Меня терзают смутные сомнения, а не помешает ли мое имя Вашей заявке? Может статься, в наши времена мерзкого страха и шкурничества один или более членов жюри сочтут меня изгоем и в силу этого отнесутся к Вам с предубеждением. Может, все это мои фантазии, но на моей памяти Гуггенхаймский комитет отказал слишком уж многим достойным людям, поэтому я не могу считать его политику беспристрастной. Если же, вопреки моим опасениям, Вы по-прежнему хотите видеть мою фамилию в списке рекомендателей, то могу Вас заверить, что сердечно и с превеликим удовольствием подпишу рекомендацию для Вас.

С любовью к Мэгги и к Вам, с нетерпением ждем новостей о Вашем документальном фильме «Саша».

Искренне Ваш,Норман Корвин

11/18/49 – Фонду имени Гуггенхайма.

Копия, возврату не подлежит.

Уровень творческих достижений Рэя Брэдбери до сего дня не вызывает никаких сомнений. Я знаком практически со всеми его произведениями и несколько лет назад опубликовал его первый сборник коротких рассказов «Темный карнавал». Я по-прежнему нахожусь под впечатлением от этой книги, как одной из жемчужин в послужном списке издательства «Аркам-хаус». Очевидно, в перспективе сочинения Брэдбери дадут ему право числиться в первых рядах авторов художественной литературы.
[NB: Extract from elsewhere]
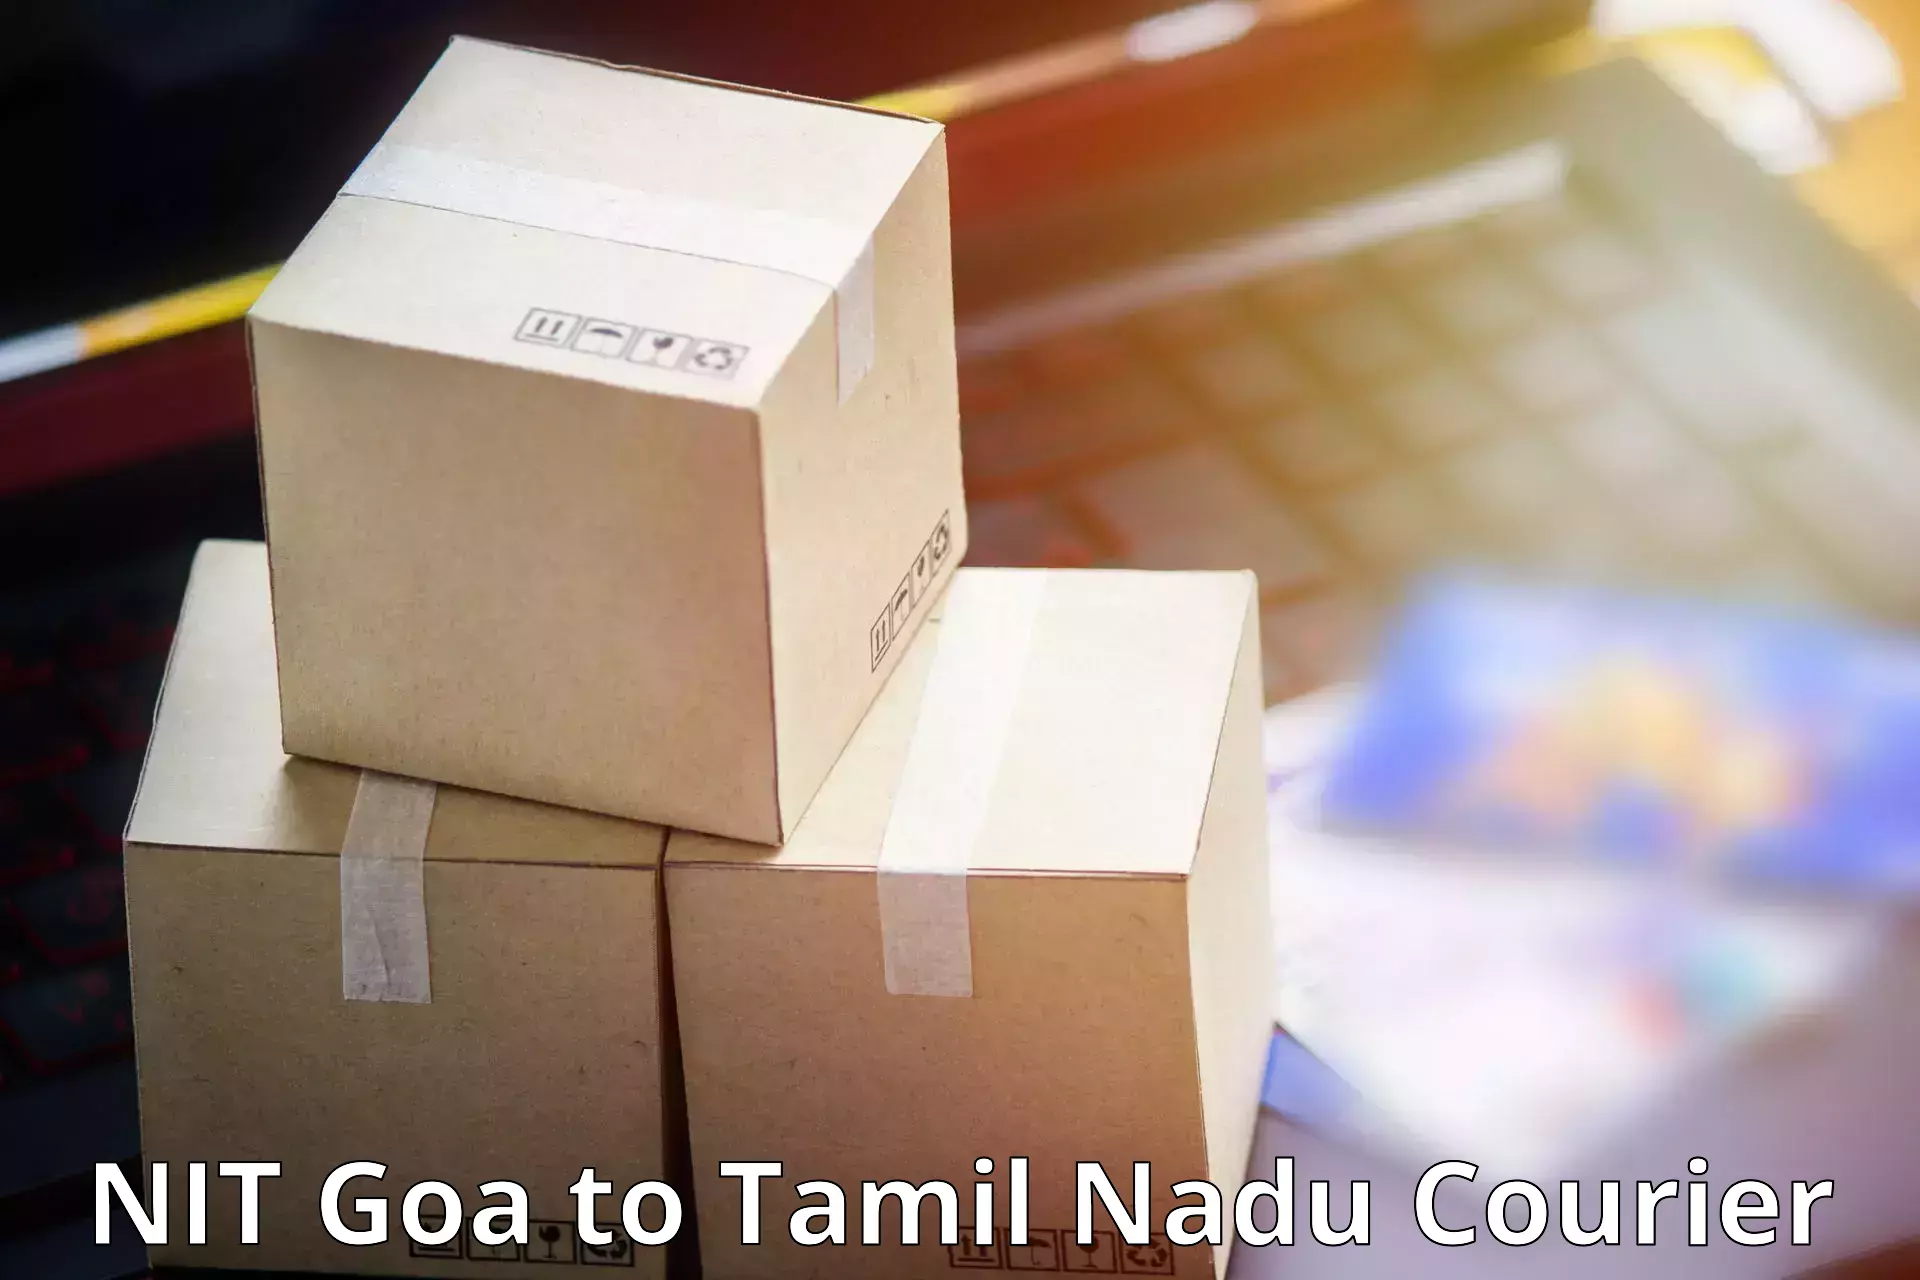 Express logistics providers NIT Goa to Kalpakkam
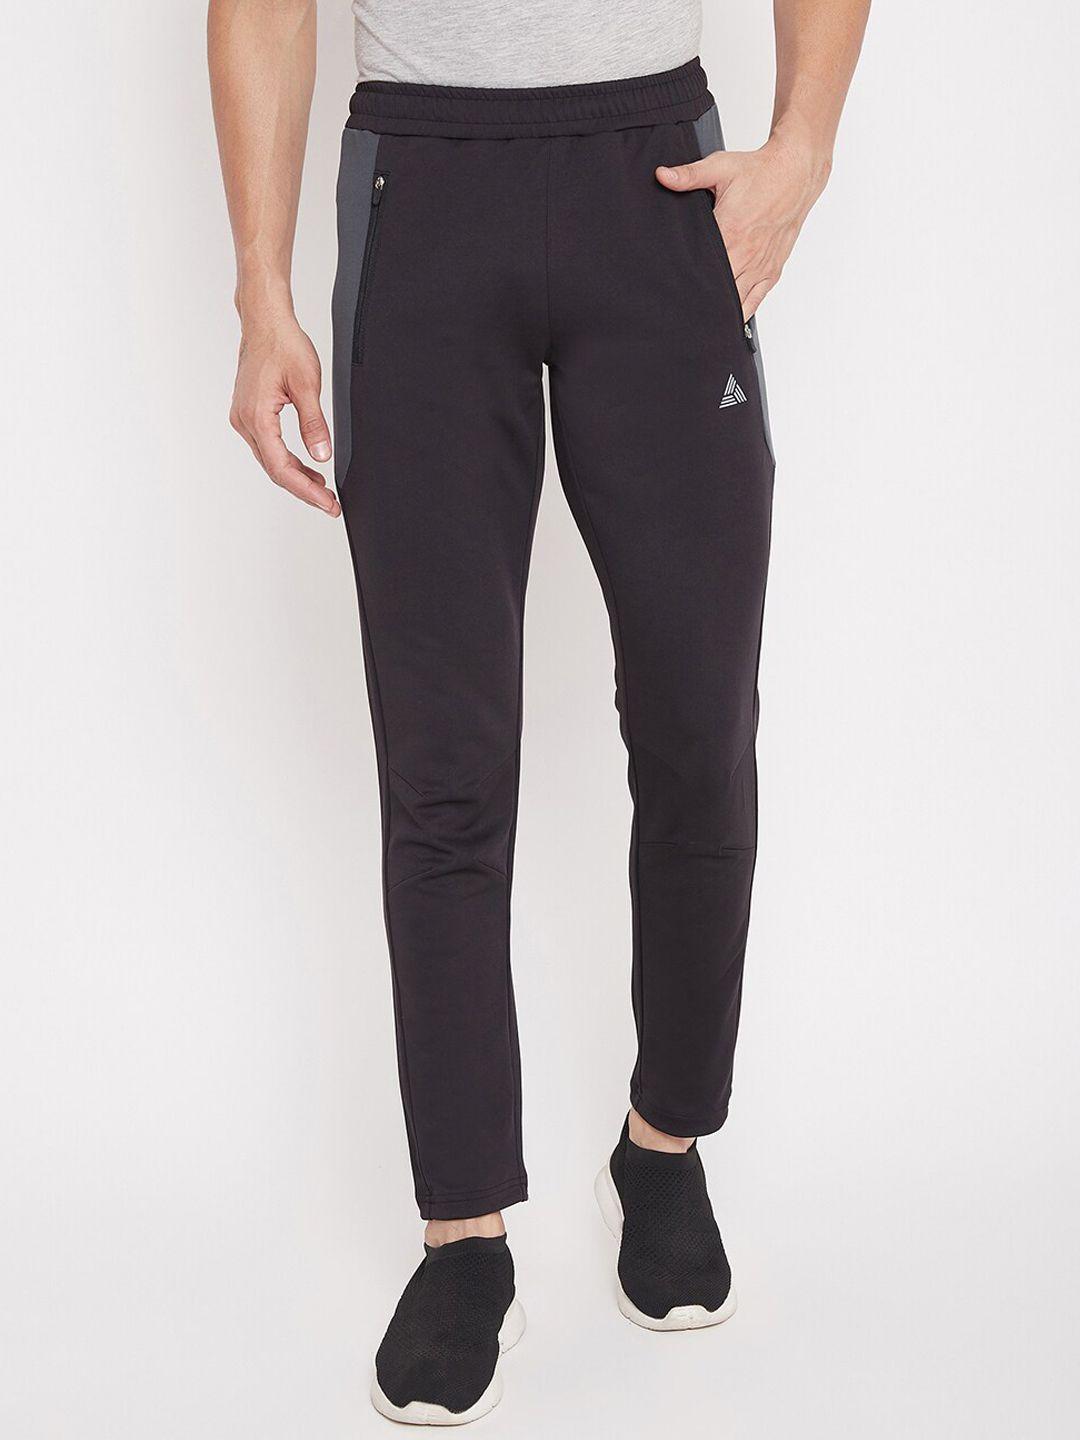 athlisis men black solid slim-fit pure cotton track pants

Обширная перепечатка рассказов Брэдбери в антологиях говорит о том, что мое мнение разделяет большинство критиков, пишущих рецензии на его произведения.

Внимательное рассмотрение всего спектра публикаций Брэдбери на сегодняшний день свидетельствует о безграничности его возможностей. Разумеется, было бы вопиющей ошибкой предполагать, будто изобилие незаурядных произведений, созданных им в готическом жанре, хоть в какой-то степени налагает ограничения на творчество Брэдбери. Его рассказы, напечатанные в журналах «Американ меркюри», «Кольерс», «Мадемуазель», «Харперс» и проч., несомненно доказывают, что он в равной степени самобытен и убедителен не только в жанре «готики», но и в художественной прозе.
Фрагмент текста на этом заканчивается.